BRADEMAS: There are several. And it may surprise you, I don’t know, if I were to tell you that my life as a university president is not all that different from having been a member of Congress, because in Congress I dealt with a multiplicity of interests and constituencies, each pressing for more resources when there were not enough to go around, with massive egos, with conflict, with controversy. So the lifestyles in that sense are not dissimilar.
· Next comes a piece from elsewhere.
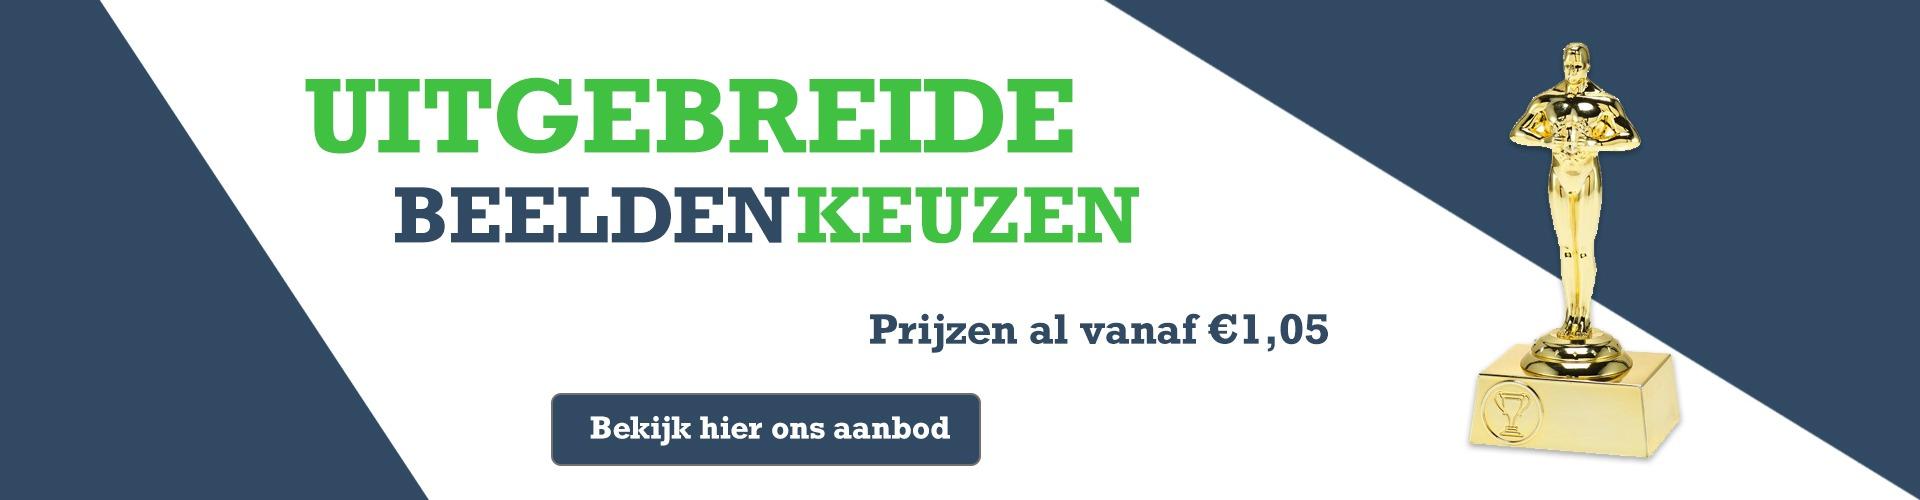 Bekerplanet.nl - Beelden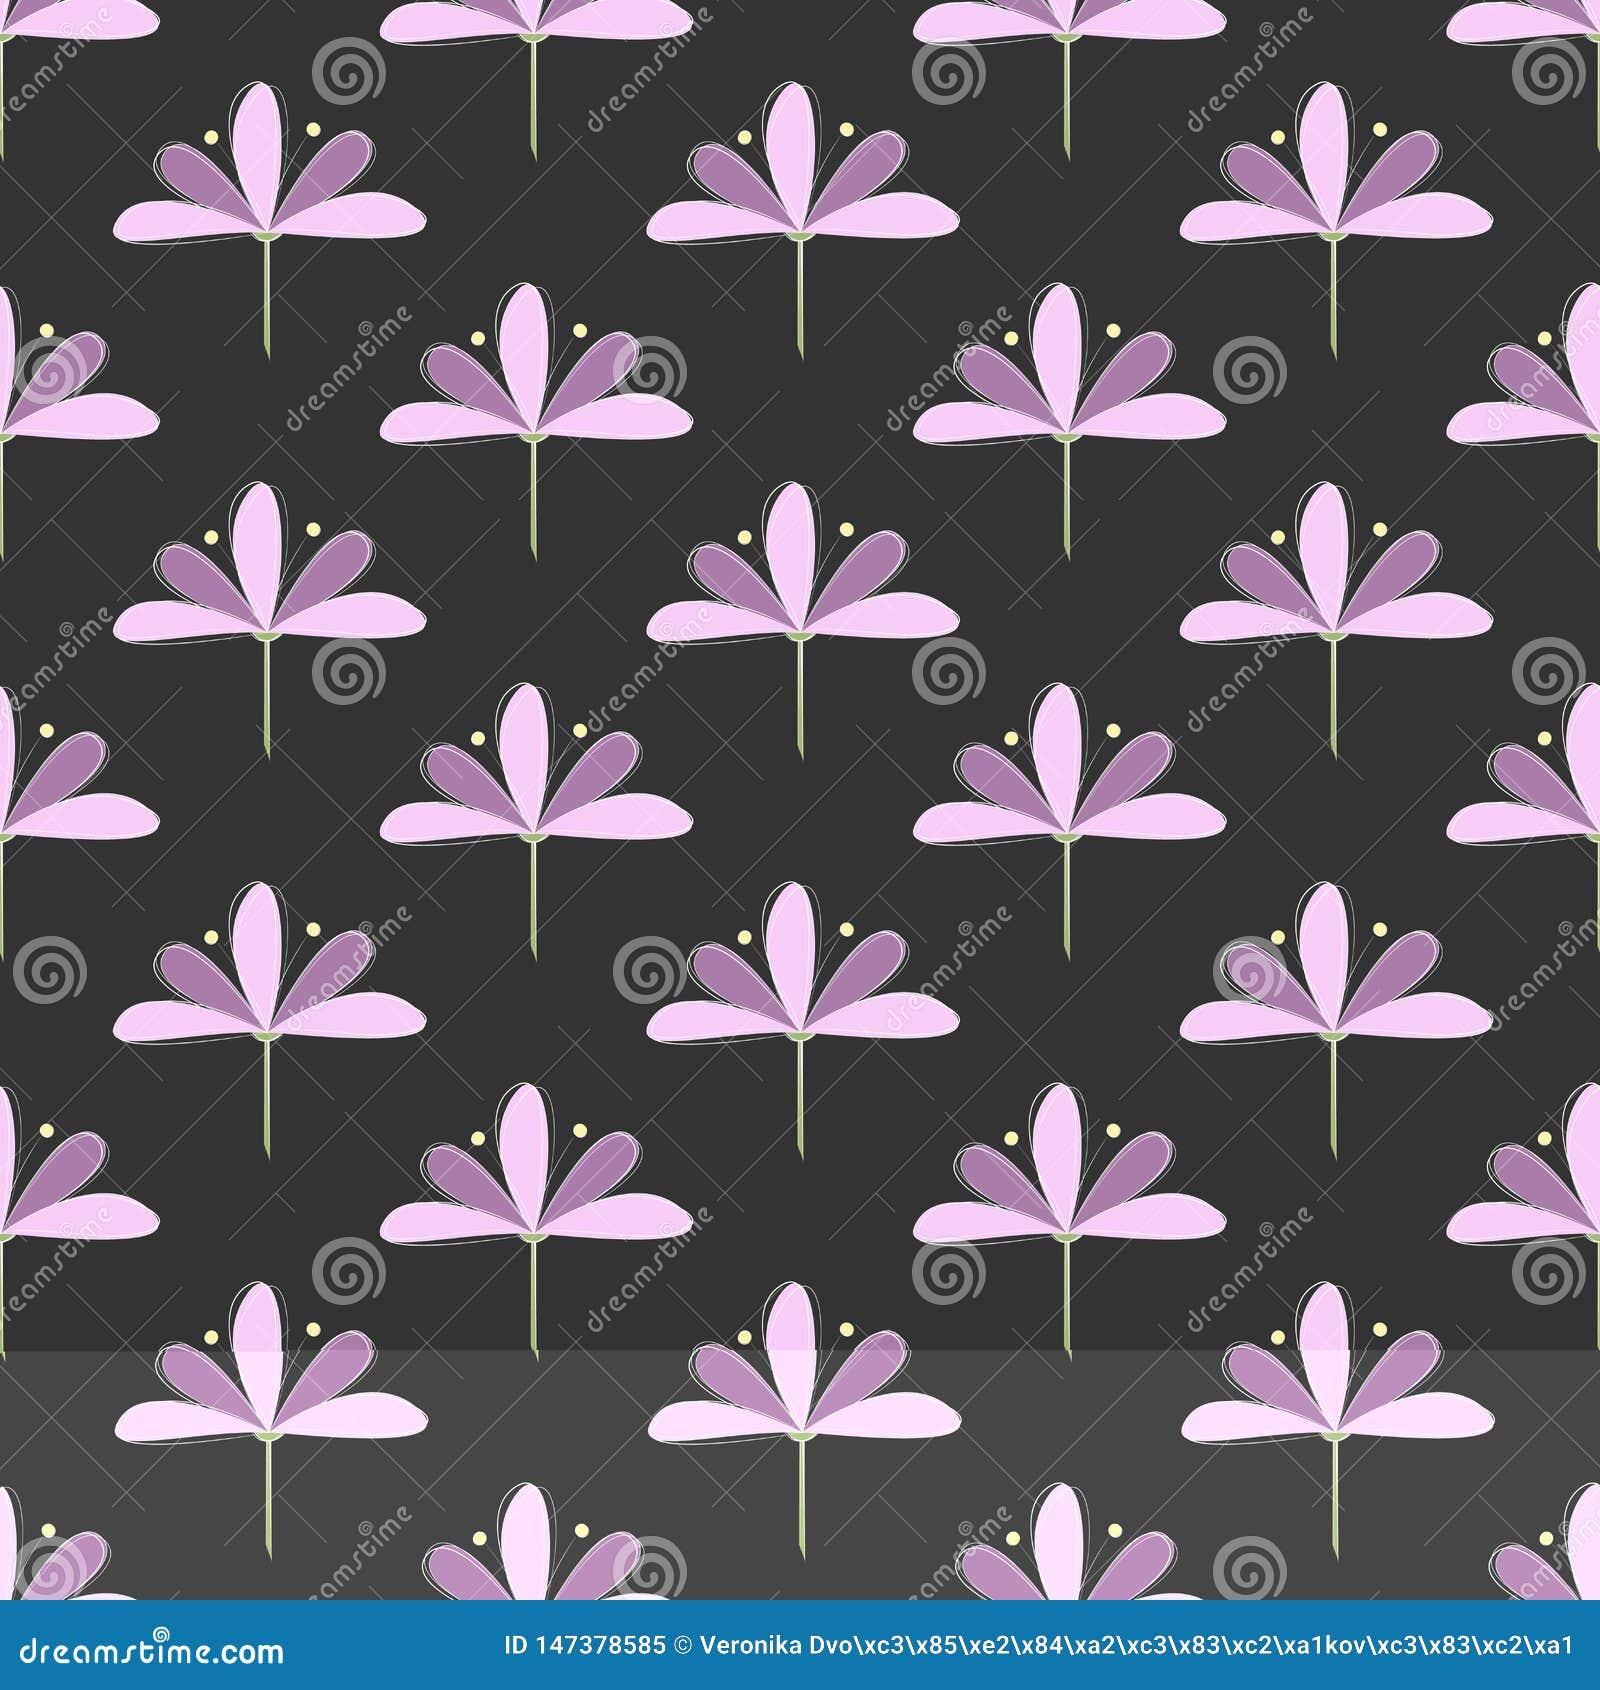 Teste padrão sem emenda: Repetindo o und Violet Blooms de Lila no fundo escuro

On the other hand, I do have to be concerned in a way in which I did not as one of 535 legislators, as the chief executive officer of a university with almost 45,000 students and a budget of nearly half a billion dollars, with great schools of medicine and law and arts and sciences and business. I have to be concerned that we meet two objectives: academic excellence, and financial stability. And pursuing those two objectives is not always easy. It’s possible, of course, to have financial stability if you cut back here and there and everywhere, but you would end up a third-class university. And we’re not going to do that at New York University. We’re going to have a first-class university. But to do that requires that you have to reach out and bring in more resources. And at a time, as we have said earlier, when Uncle Sam is cutting back funds, that means I have to worry a great deal more about generating financial contributions for New York University as do my colleagues elsewhere. And that means raising money. So the address is: 70 Washington Square South.

HEFFNER: Send money?

BRADEMAS: Send money, and it will be gratefully received if you want to help maintain not only our great university, but I would say the same thing with respect to other colleges and universities both public and private in the United States.

HEFFNER: We have a minute left. Question: A generation ago there was a real question on the part of many people whether many private institutions of higher education wouldn’t just disappear. Is that still a concern today?

BRADEMAS: It’s a concern, but I must say at New York University, and I think it’s also true to say for other private institutions, the commitment of our trustees, of our faculty our alumni and our students, is such that I believe that we will survive. And if we have their continued help, we will flourish.

HEFFNER: Will the Reagan tax plan as now enacted make it more difficult?

BRADEMAS: Yes, it will. The Reagan tax plan makes it less encouraging to potential givers to contribute to private universities. But I hope that if those who supported Mr. Reagan’s tax plan are listening they will feel a greater moral responsibility now coming from the private sector to give to the college and university of their choice, and I hope that one of them is New York University.

HEFFNER: I think it’s a matter of getting gout of the frying pan and into the fire. And thanks so very much for joining me today…

BRADEMAS: Thank you, Dick.

HEFFNER: …President John Brademas.

And thanks, too to you in the audience. I hope that you will join us again here on THE OPEN MIND. Meanwhile, as an old friend used to say, “Good night, and good luck”.